In the Court of Appeal, it was argued that no fraud was committed because Ms Ruka was at all relevant times suffering from battered woman’s syndrome which meant that she lacked the necessary mental commitment to a relationship so as to be living in a “relationship in the nature of a marriage” for the purpose of s 63 of the Social Security Act 1964. It was argued that she was incapable of rational decision-making and, in particular, unable to take steps to terminate her relationship with Mr T.
In delivering the majority decision, Thomas J held that an assumption of financial interdependence is essential before a relationship can be regarded as being in the nature of a marriage. Physically, aspects of the relationship remain relevant as indicia of a relationship in the nature of a marriage, but they must be taken into account having regard to the effects of the battering relationship or violence. Less weight, if any, would need to be given to, for example, the fact that the parties live together when the woman is staying under the same roof as the perpetrator out of fear and helplessness.

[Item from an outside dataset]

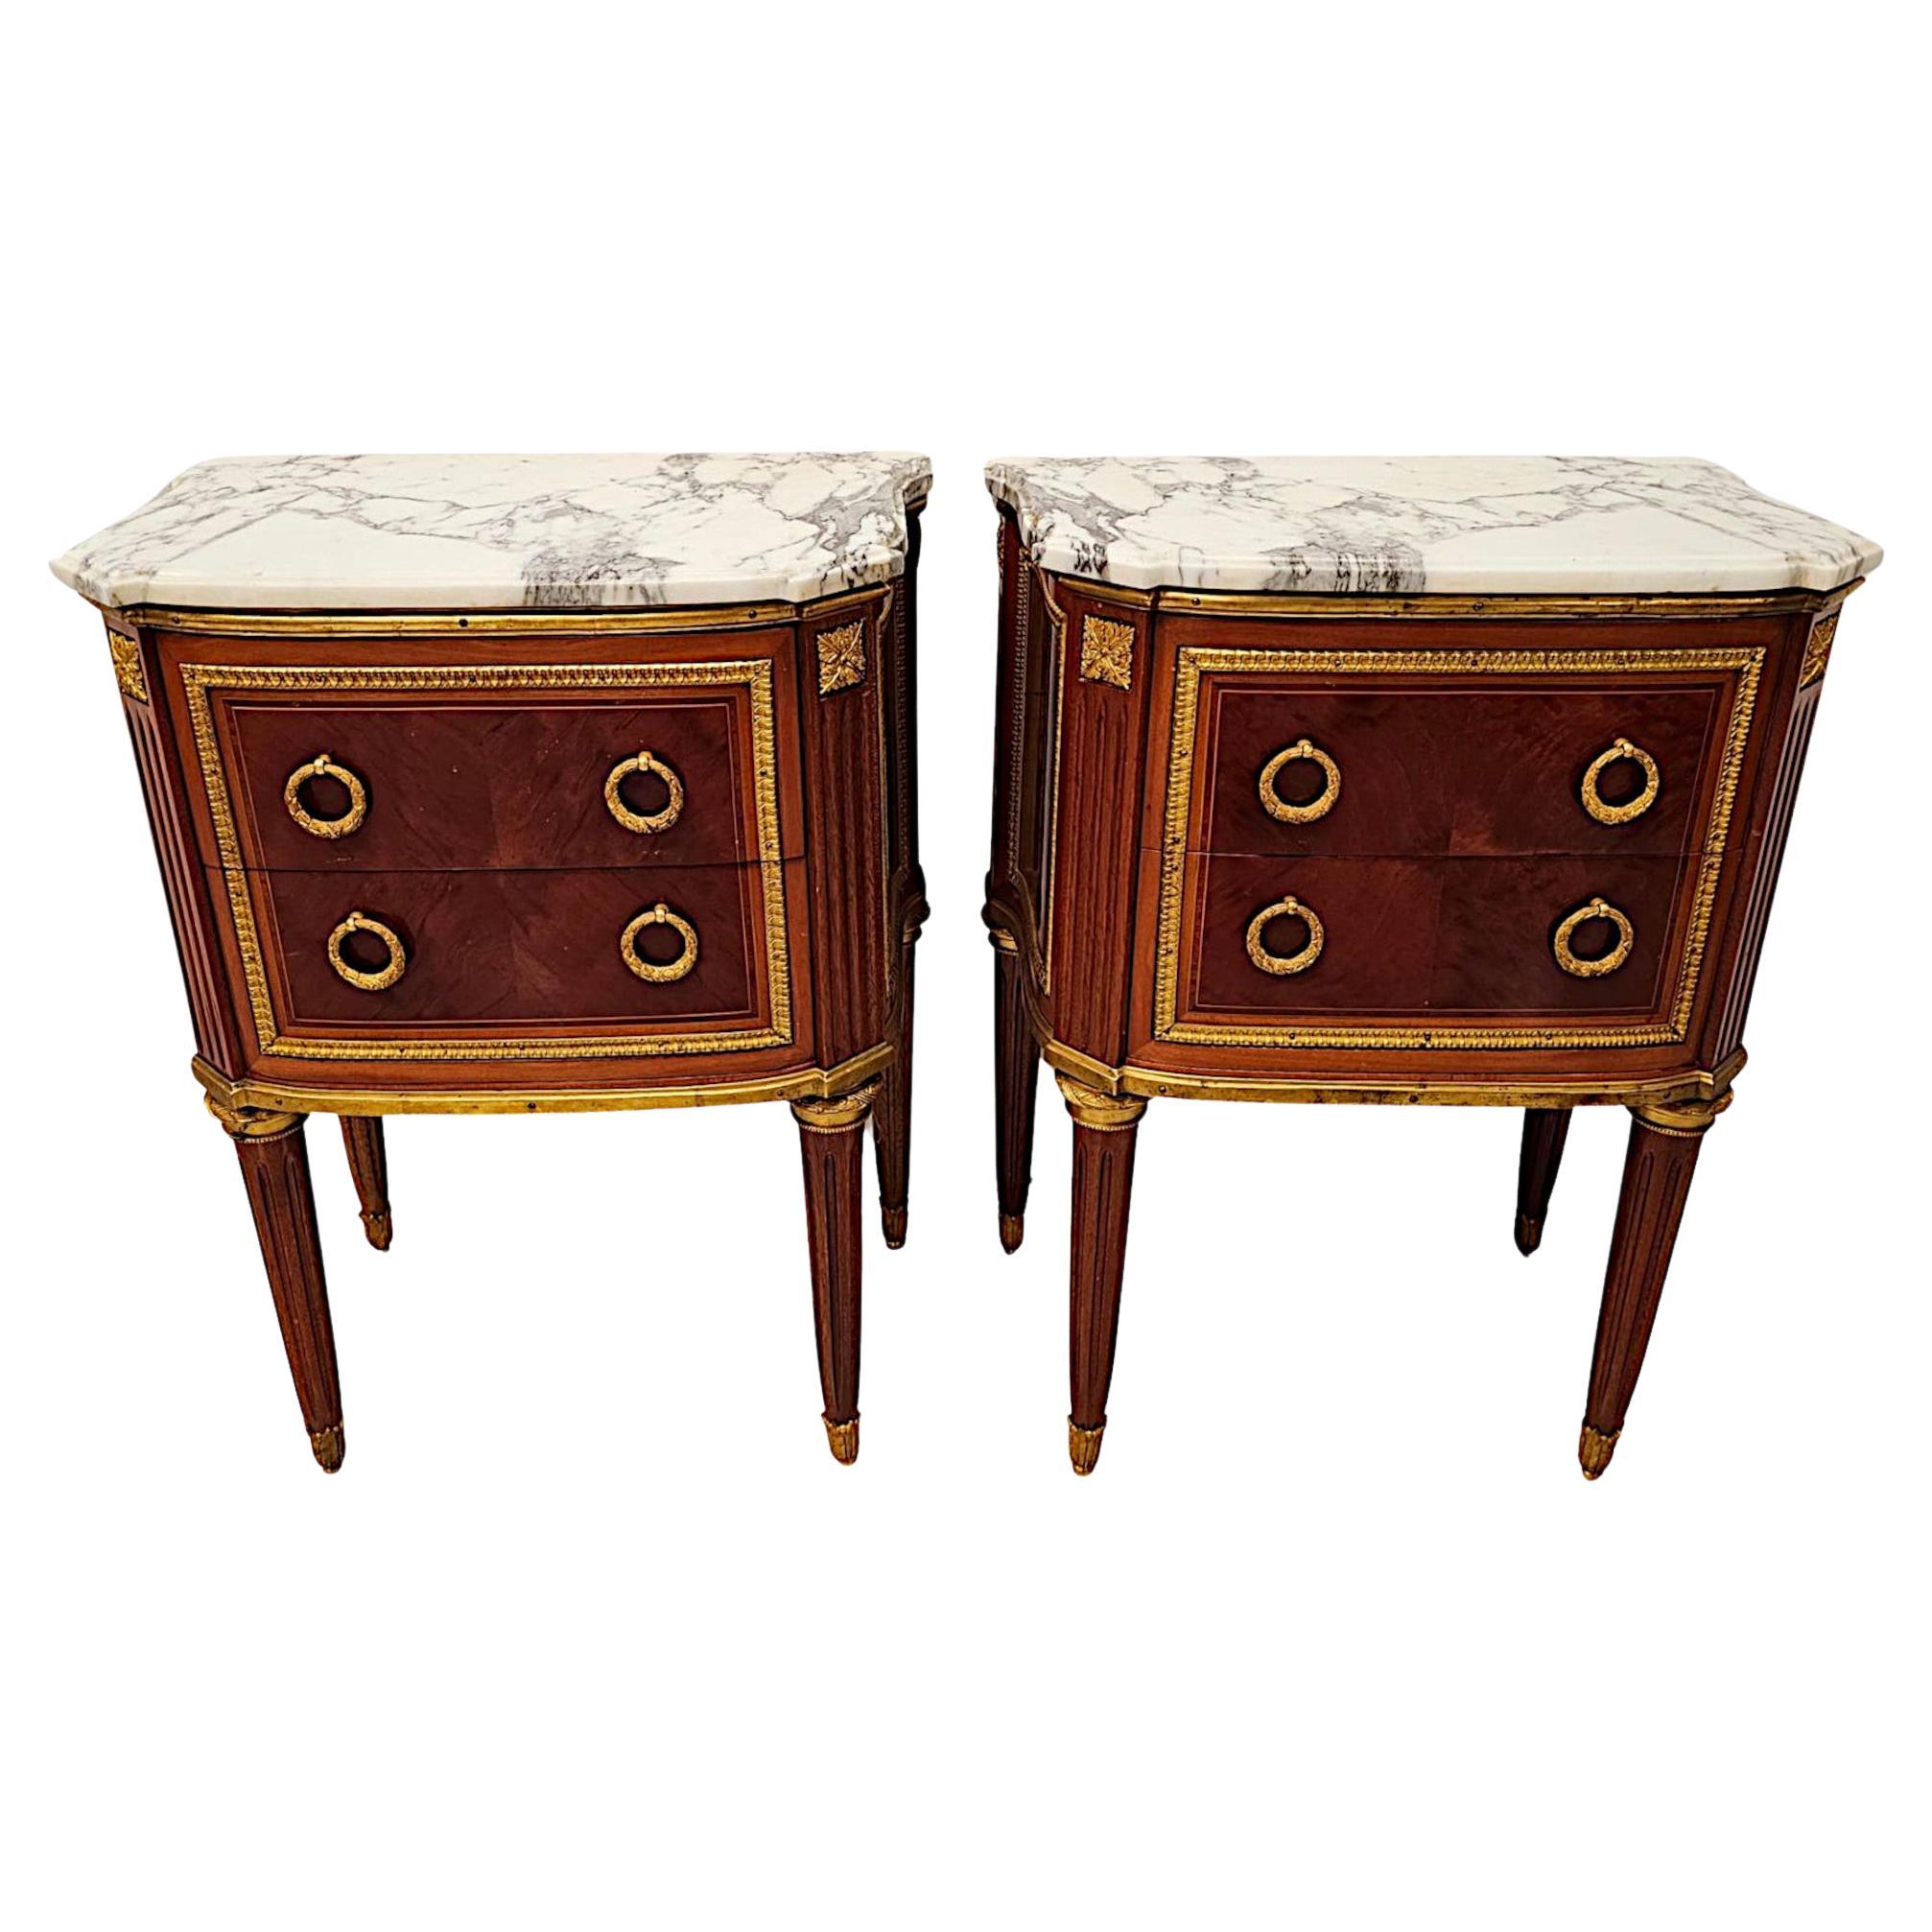 A  Fine 20th Century Pair of Marble Top Side Tables or Chests with Ormolu Mounts For Sale

The Court held that there was no doubt that Ms Ruka suffered from battered woman’s syndrome, and that the mental and emotional commitment necessary to comprise a relationship in the nature of marriage did not exist in this case. The Court also held that financial independence or responsibility in this case was totally lacking. Ms Ruka’s convictions were quashed.
AWLA also made submissions in Z v Z [1997] 2 NZLR 258, where they were granted leave to appear as amicus curiae on the issue of future earnings. Denese Bates KC and Hon. Vivienne Ullrich KC appeared for AWLA at the hearing.
This was a Court of Appeal case concerning whether a spouse’s earning capacity is “property” within the meaning of the term in the Matrimonial Property Act 1976. More broadly, the Court was asked to determine whether the increase in earning ability gained during the marriage from acquiring degrees and qualifications and improving career skills and expertise could constitute matrimonial property and therefore, whether one spouse could be compensated after separation for helping create a potential for greater lifetime earnings for the other spouse.
The parties to the litigation had married in 1966 and separated 28 years later. When the parties married, the wife was working and earning a higher salary than her husband, who was studying at the time. The wife stopped working a year before the birth of the couple’s first child. The husband qualified as an accountant in 1968 and became a partner in an accountancy firm. In 1994 (the year of separation), he earned over $300,000 per year.
The Court held that it was not Parliament’s intention to include a spouse’s enhanced earning capacity within the scope of matrimonial property for the purposes of the Act. The Court acknowledged it had reached that conclusion notwithstanding the strength of the argument advanced for the wife that to treat enhanced earning capacity as matrimonial property was consistent with the policy and spirit of the legislation. The long title of the Act supported the wife’s argument. Having regard to this premise, it was difficult to refute the contention that excluding a wife whose contribution to the matrimonial partnership has been the management of the home and the care of the children from sharing in the husband’s increased earning power, which they had jointly worked for, perpetuated the injustice the Act was aimed at remedying. However, as the Court was bound to interpret the Act, not to amend it, it had to give effect to Parliament’s intention and find that a spouse’s enhanced earning capacity did not constitute “property”.